Result normalizer and method of operation
    21.
    发明授权
    Result normalizer and method of operation 失效
    结果规范和操作方法

    公开(公告)号:US5392228A

    公开(公告)日:1995-02-21

    申请号:US161361

    申请日:1993-12-06

    CPC分类号: G06F7/485 G06F5/012

    摘要: A result normalizer (58) for use with an adder (56) generates a mask in two stages that indicates the location of the leading one in the adder result. In the first stage, a leading zero anticipator (68) determines the position to within two digits. In the second stage, a count leading zero indicator (70) determines the position to a single digit. The mask is used to control the number of digits that each stage of a multiplexer array (66) shifts the adder result.
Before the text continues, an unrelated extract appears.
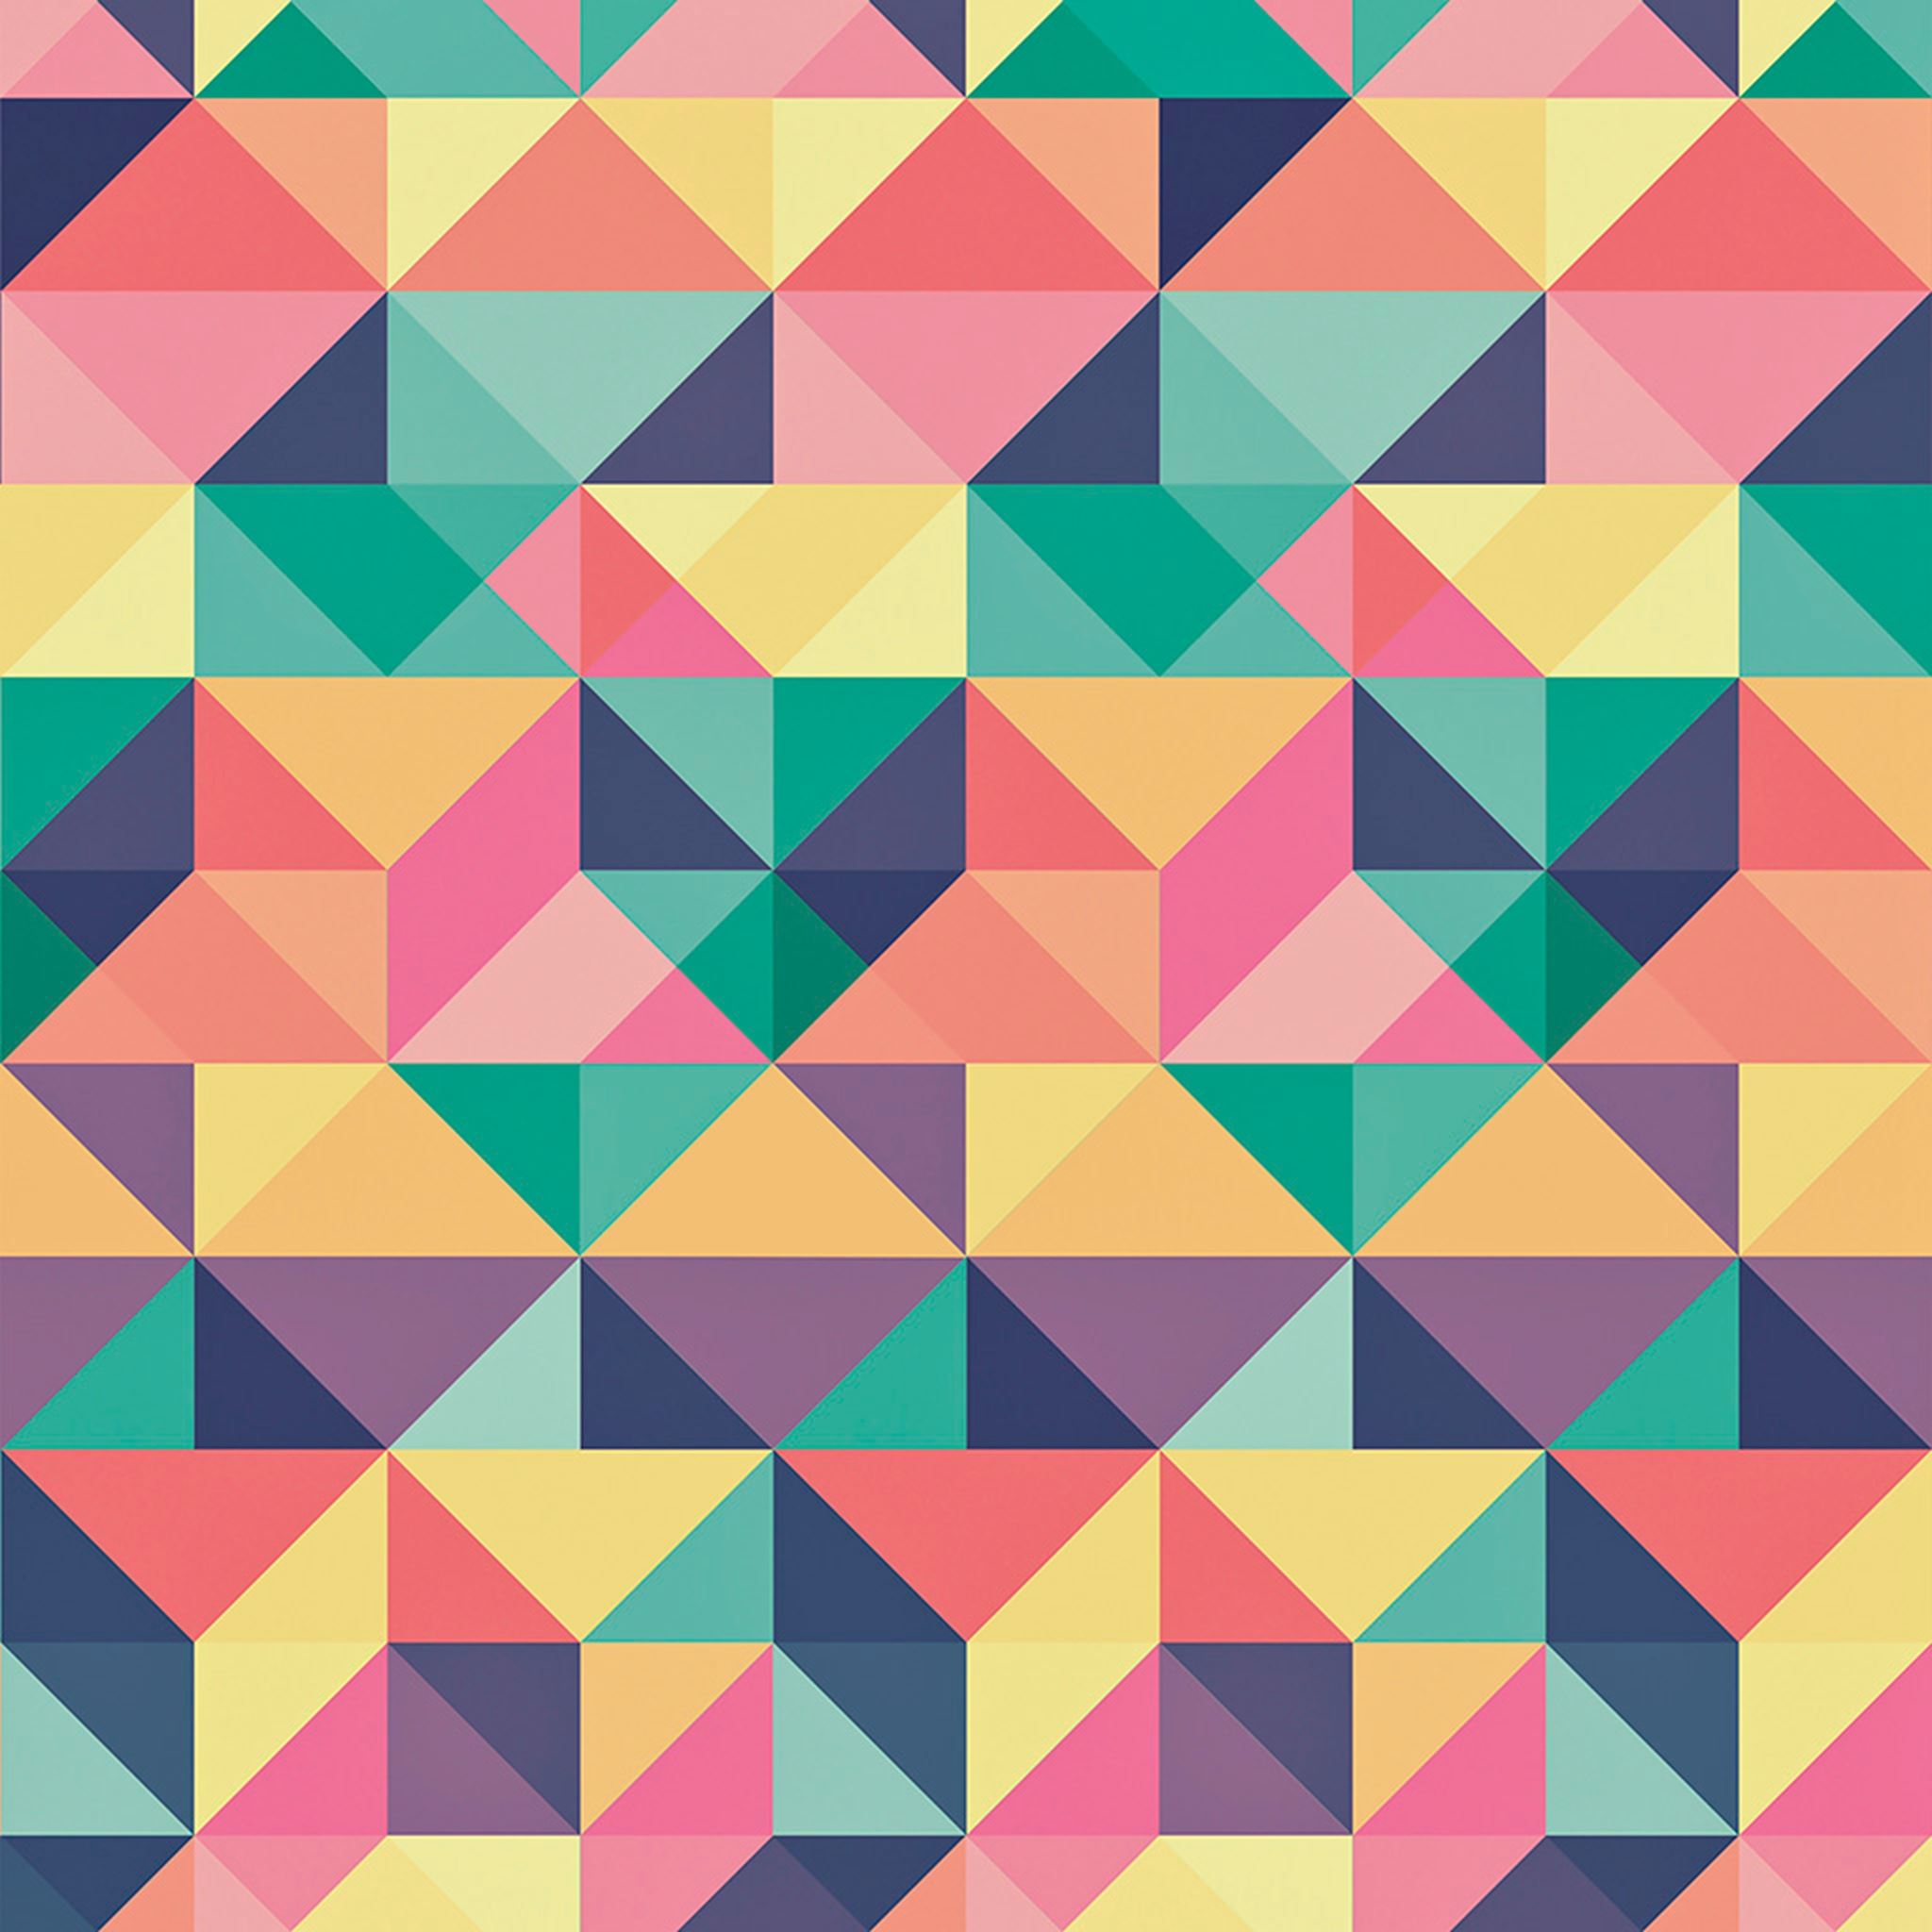 Abstract Polygon Art Pattern Rainbow iPad Air Wallpapers Free Download

The output of the multiplexer array thereby contains a leading one. The result normalizer may be advantageously used in high performance applications such as in a floating point execution unit in a data processor or in digital signal processing systems.
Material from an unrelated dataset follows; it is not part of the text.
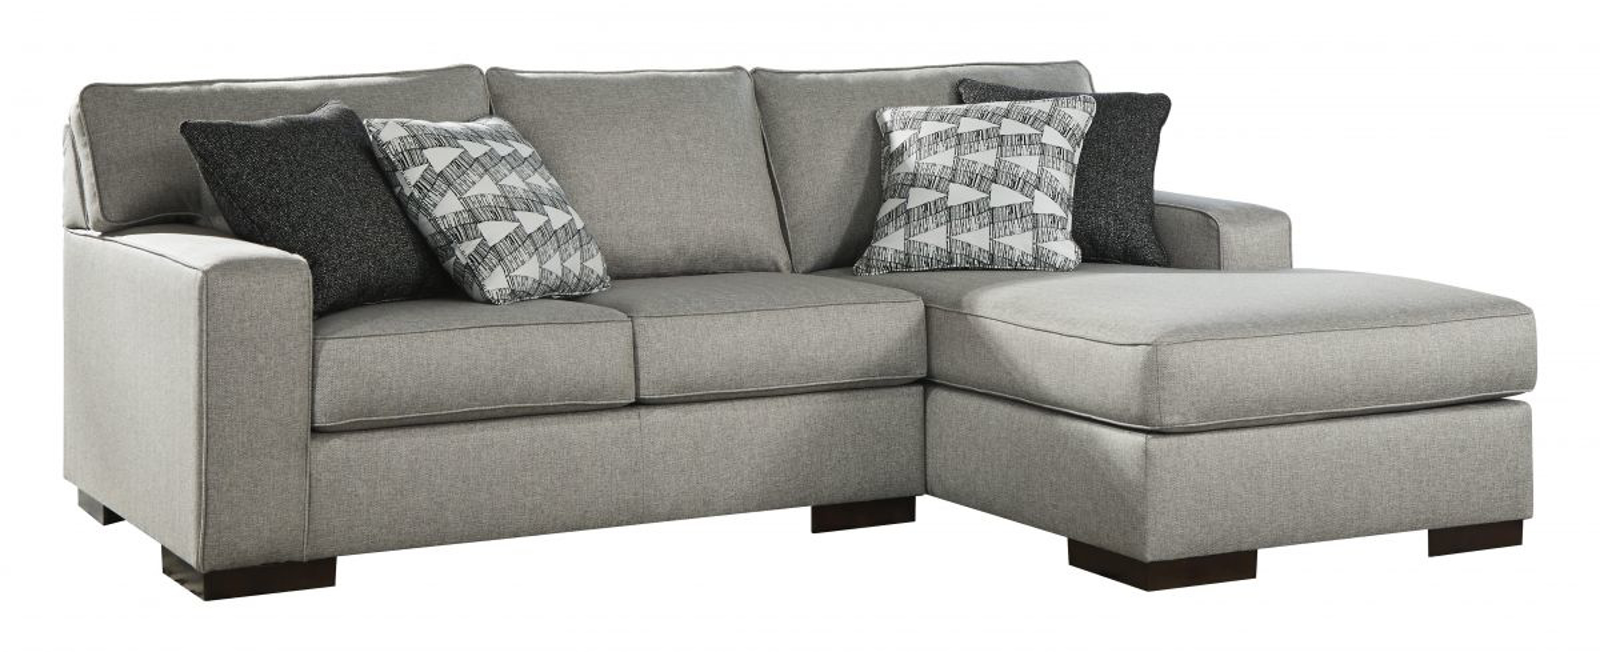 Picture of Marsing Nuvella Sectional

    摘要翻译: 与加法器(56)一起使用的结果归一化器(58)在两个阶段中生成指示加法器结果中前导序列的位置的掩码。 在第一阶段,领先的零预测者(68)将位置确定在两位数之内。 在第二阶段中,计数前导零指示符(70)确定位置到单个数字。 该掩码用于控制多路复用器阵列(66)的每个级移位加法器结果的位数。 因此,多路复用器阵列的输出包含一个前导的。 结果归一化器可以有利地用于高性能应用中,例如在数据处理器或数字信号处理系统中的浮点执行单元中。
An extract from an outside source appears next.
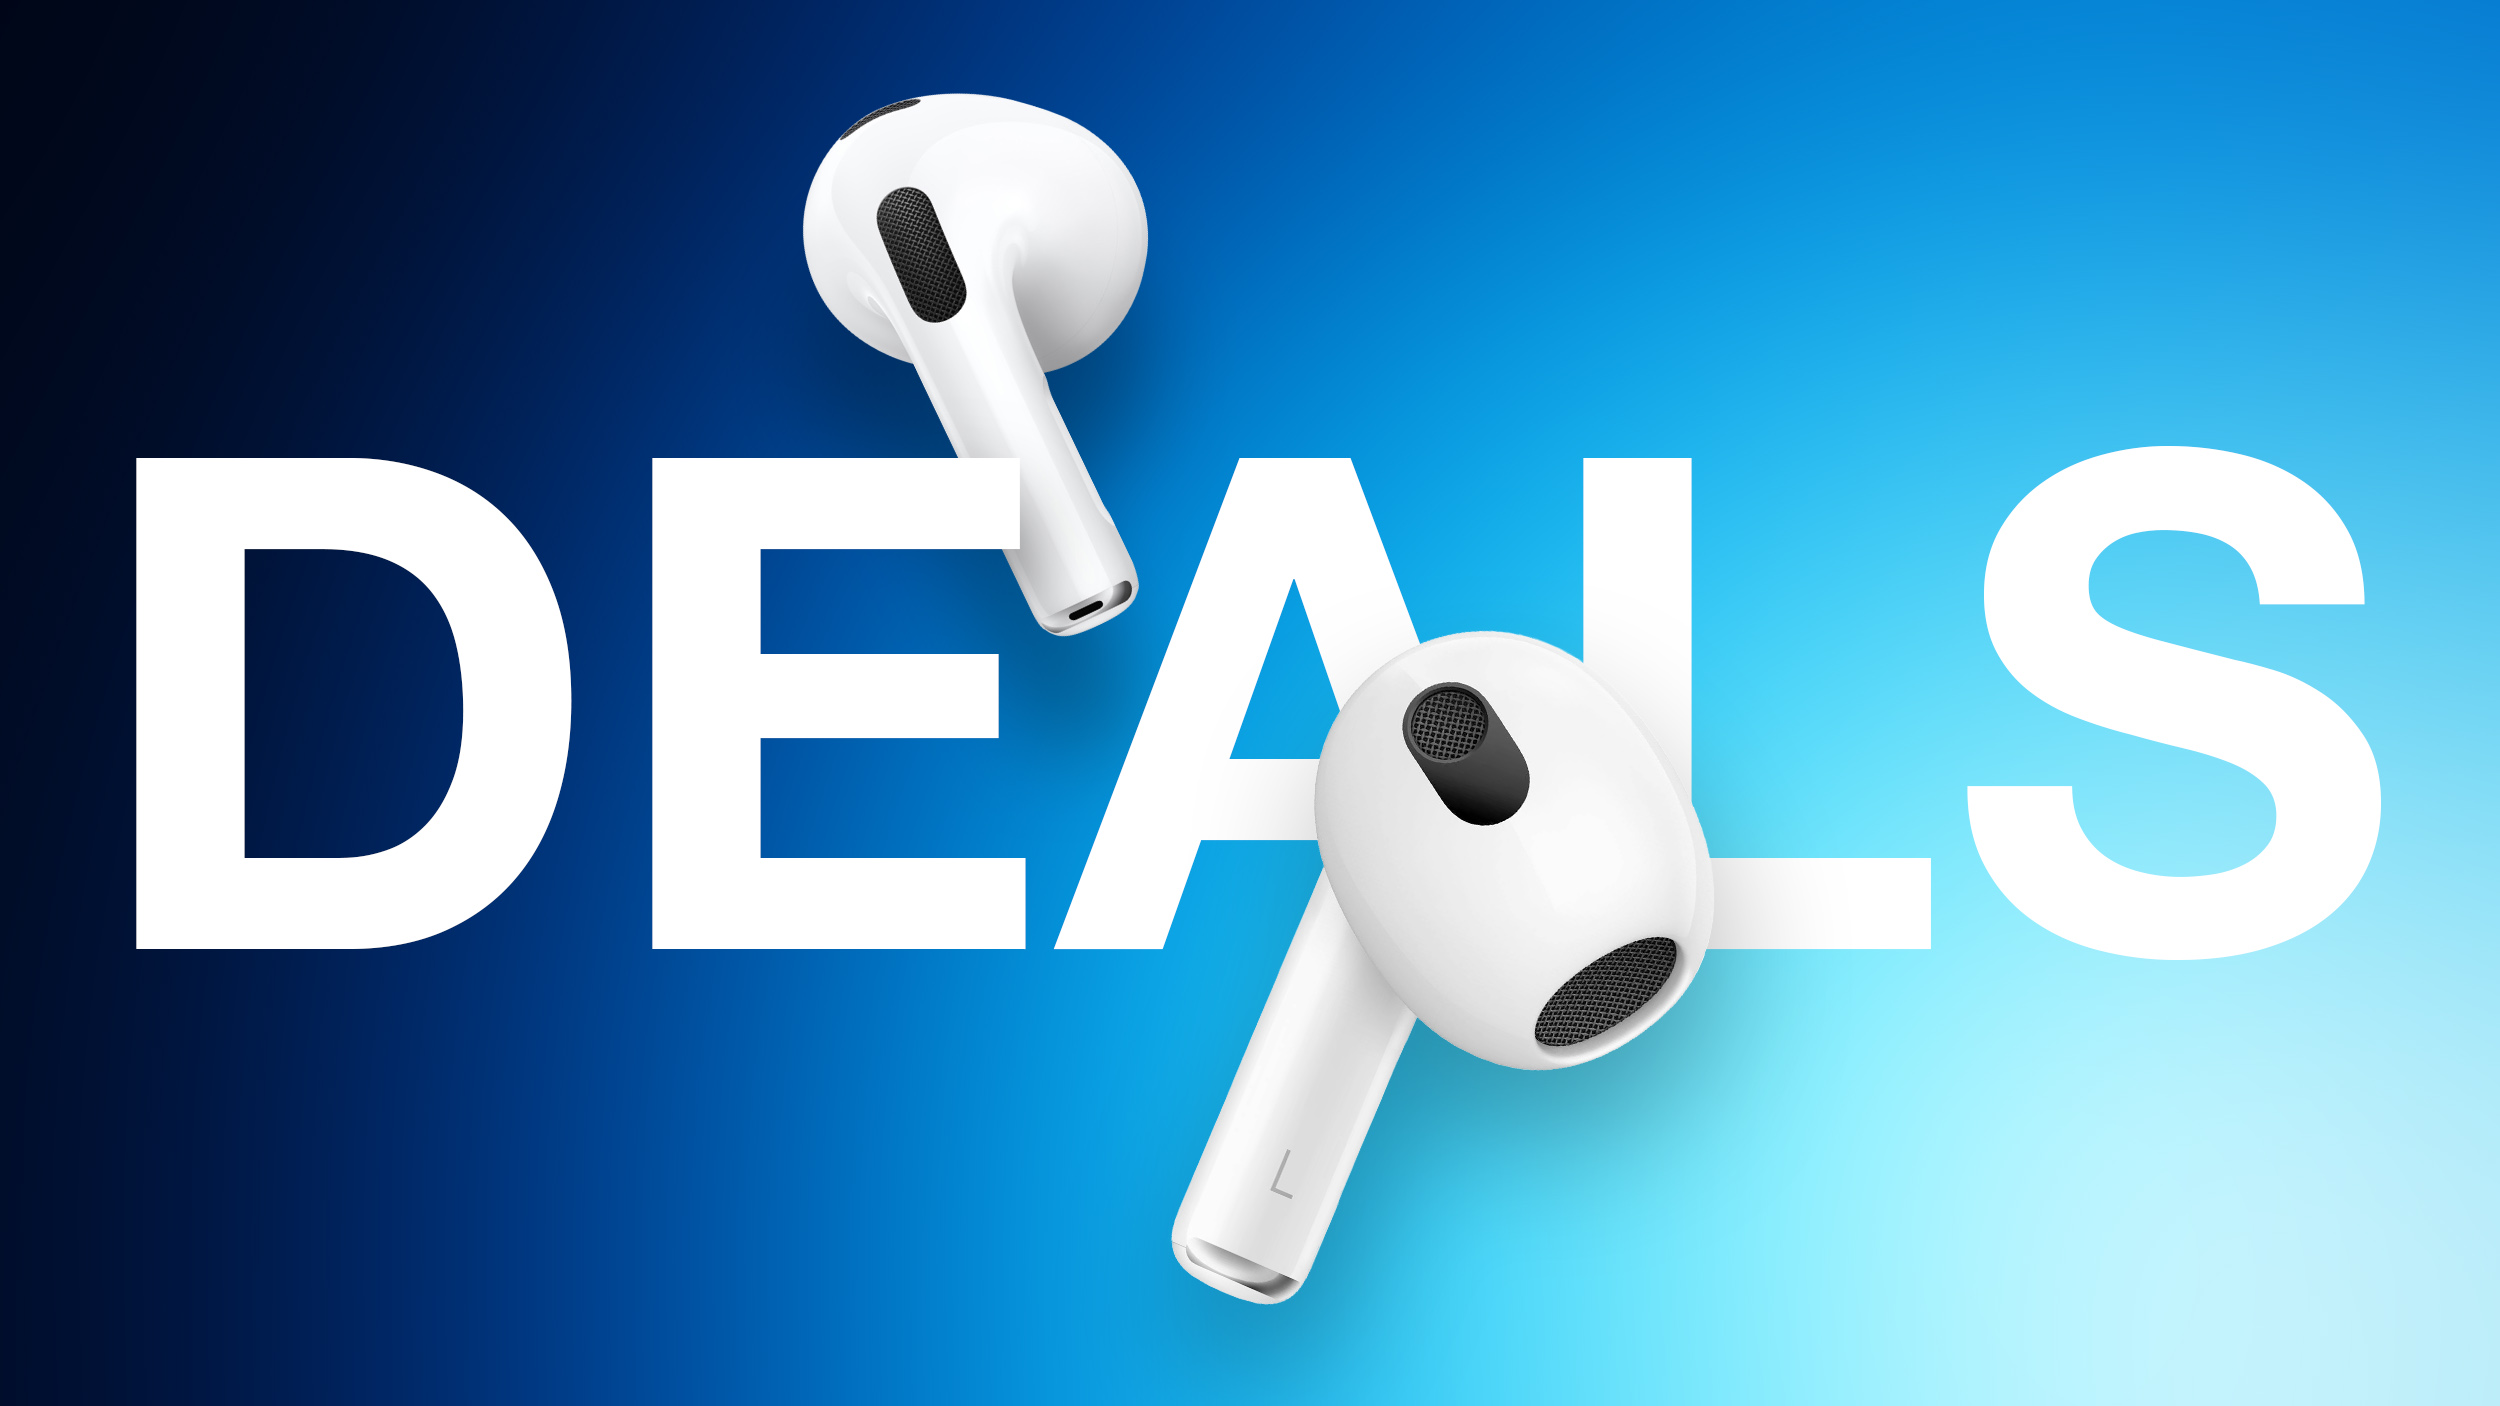 AirPods 3 Drop to Record Low Price of $139.99 on Amazon, Plus More AirPods Deals

    Mechanism for handling unfused multiply-accumulate accrued exception bits in a processor
    22.
    发明授权
    Mechanism for handling unfused multiply-accumulate accrued exception bits in a processor 有权
    在处理器中处理未使用的累积累加异常位的机制

    公开(公告)号:US09507656B2

    公开(公告)日:2016-11-29

    申请号:US12424929

    申请日:2009-04-16

    摘要: A mechanism for handling unfused multiply-add accrued exception bits includes a processor including a floating point unit, a storage, and exception logic. The floating-point unit may be configured to execute an unfused multiply-accumulate instruction defined with the instruction set architecture (ISA). The unfused multiply-accumulate instruction may include a multiply sub-operation and an accumulate sub-operation. The storage may be configured to maintain floating-point exception state information. The exception logic may be configured to capture the floating-point exception state after completion of the multiply sub-operation and prior to completion of the accumulate sub-operation, for example, and to update the storage to reflect the floating-point exception state.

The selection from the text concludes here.